We turn as the videos play from all angles. Bystanders had been recording before the incident, and it shows Beck and Kolton trying to leave, only for his sister to stop them. Her words are audible, and the crowd gasps. We cut it after that, and I lean into the mic.

“Kolton is very hurt by what happened, and the one person he needs most is behind bars for protecting him while his sister, a sexual predator, is being made into a victim. As a band, we stand with Beck. I’m sure if you were in her shoes and it were your friend, your brother, or your boyfriend . . . you would have done the same.

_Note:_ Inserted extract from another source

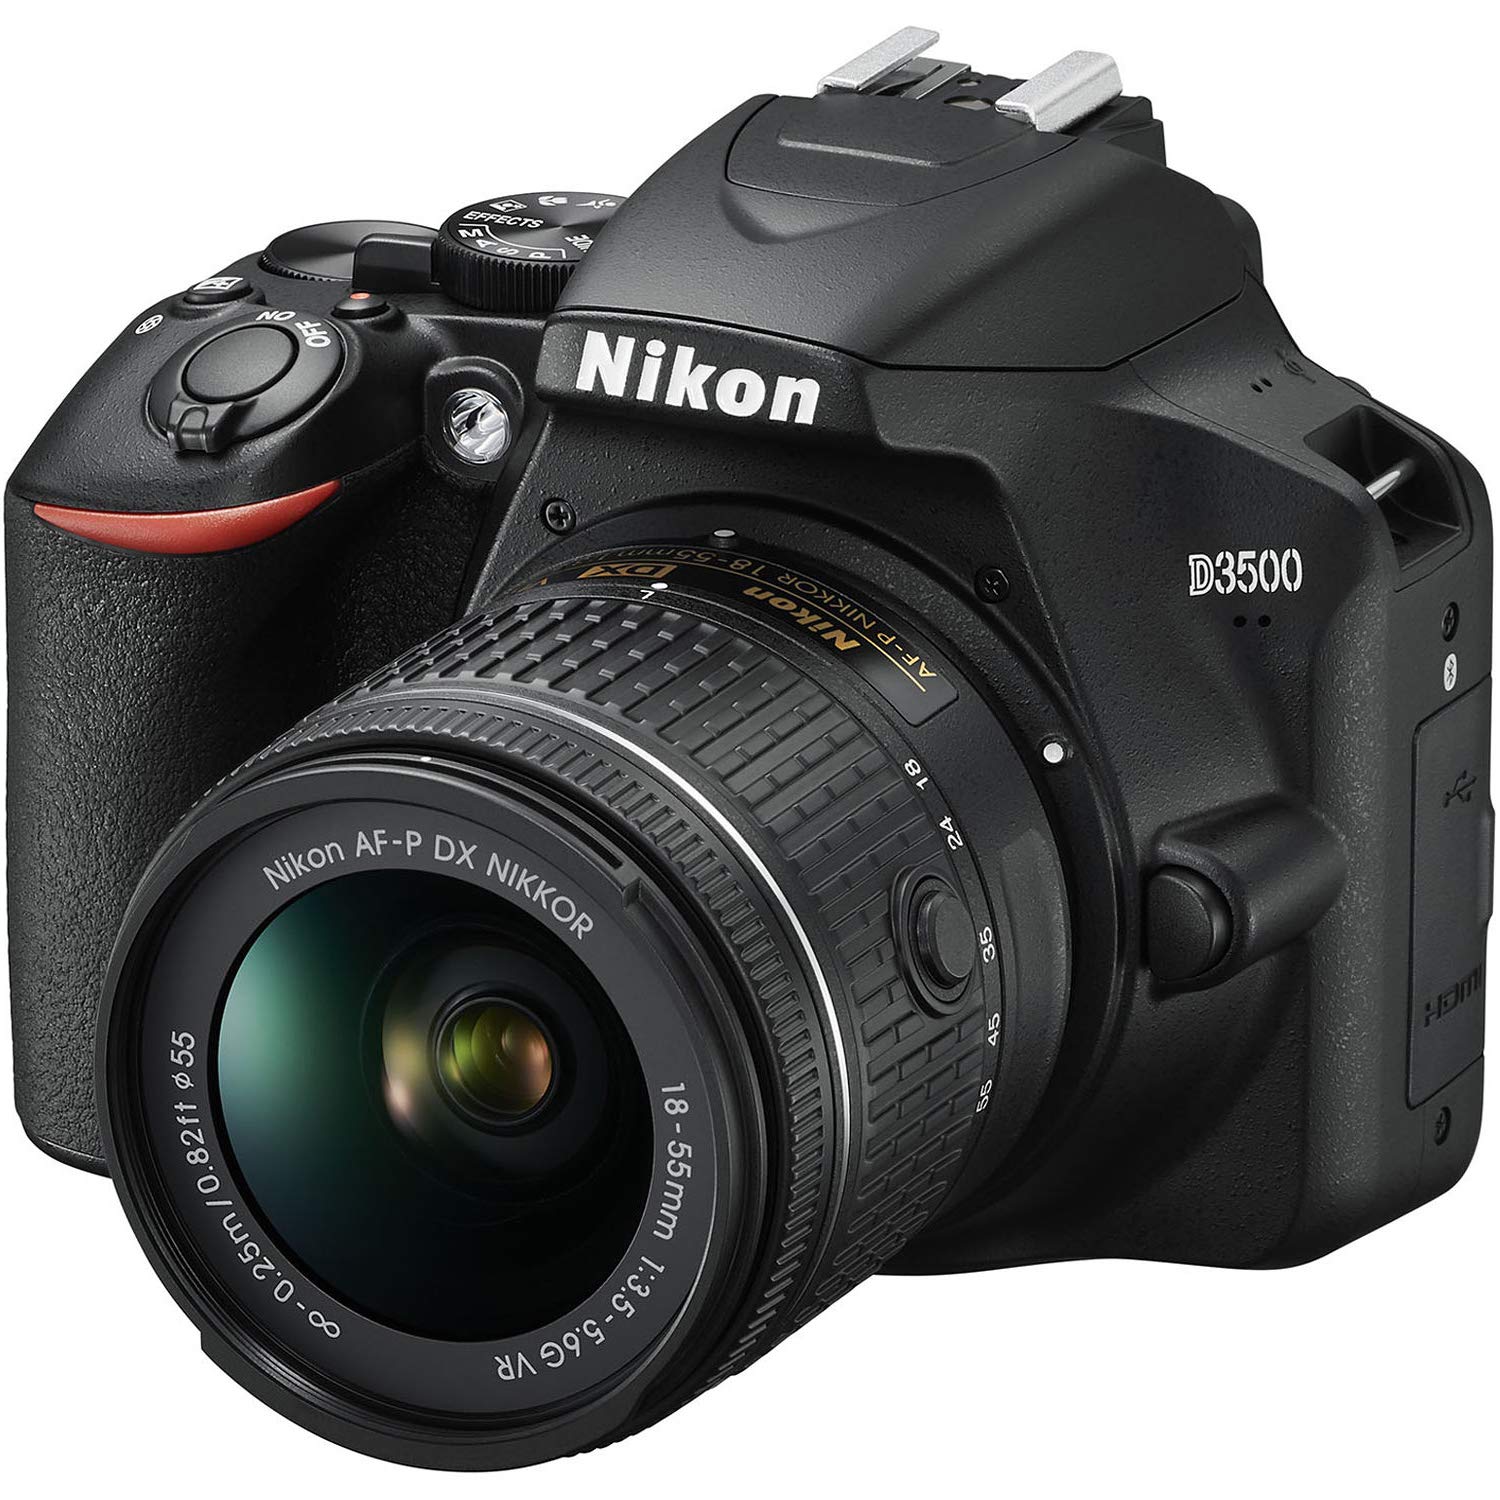 Nikon D3500 Digital SLR Camera & 18-55mm VR DX AF-P Lens with 70-300mm Lens + Case + 16GB Card + Flash + Kit

“We will be fighting these charges in full, and we hope our fans understand and give both Beck and Kolton the time and privacy they need to heal from this. Kolton will not speak on this again. It’s his right to heal as he sees fit. Thank you, and please stand with us in pointing out the true instigator in this case—the one in the hospital, surrounded by cameras, who is already live-streaming what happened and talking about money—not the one behind bars, who’s staying silent, even in her own defense, to protect the ones she cares for.”

“Thank you.” Kolton stands, as do we, his hands in ours as the cameras go wild.

Our first part of the plan is done, and as we walk off stage, we know we got the reaction we wanted.

Beck is a hero.

THIRTY-NINE

It should alarm me that I’m more worried about Kolton than I am about myself. I’m facing assault charges, not to mention being locked up. My true name could be revealed, though the officers swear my privacy will be protected, but if the guys find out, then they will know exactly who I am. Everything I have worked for, my revenge, the truth, and this life will all be for nothing.

Yet I’m worried about Kolton.

I refuse to consider why, so instead, I pace, and when that gets boring, I force myself to relax on the bench, waiting to hear what will happen to me. Hopefully, I’ll get a phone call and I can check in with the guys to make sure they got Kolton home safely. This will undoubtedly bring up a lot of memories and trauma for him, so he’ll need them now more than ever to process it, but Kolton is stronger than anyone I know. He will survive this.

It’s what consumes my thoughts—the image of his stricken, dead expression as he gazed at his abuser. He wasn’t the man I . . . Well, he wasn’t Kolt. He was a little boy facing his nightmares and realizing the monster in the dark was real. In that moment, I would have done anything to bring life back to his expression and make him feel safe and protected.

Kolton might be a rock star, one of the most renowned music gods in our history, but he’s still a man, and Kolt feels more than most, especially now.

As for his sister? Well, I hope she chokes on her own blood and dies.

It would up my charges to murder, but I think I could rock the orange jumpsuit.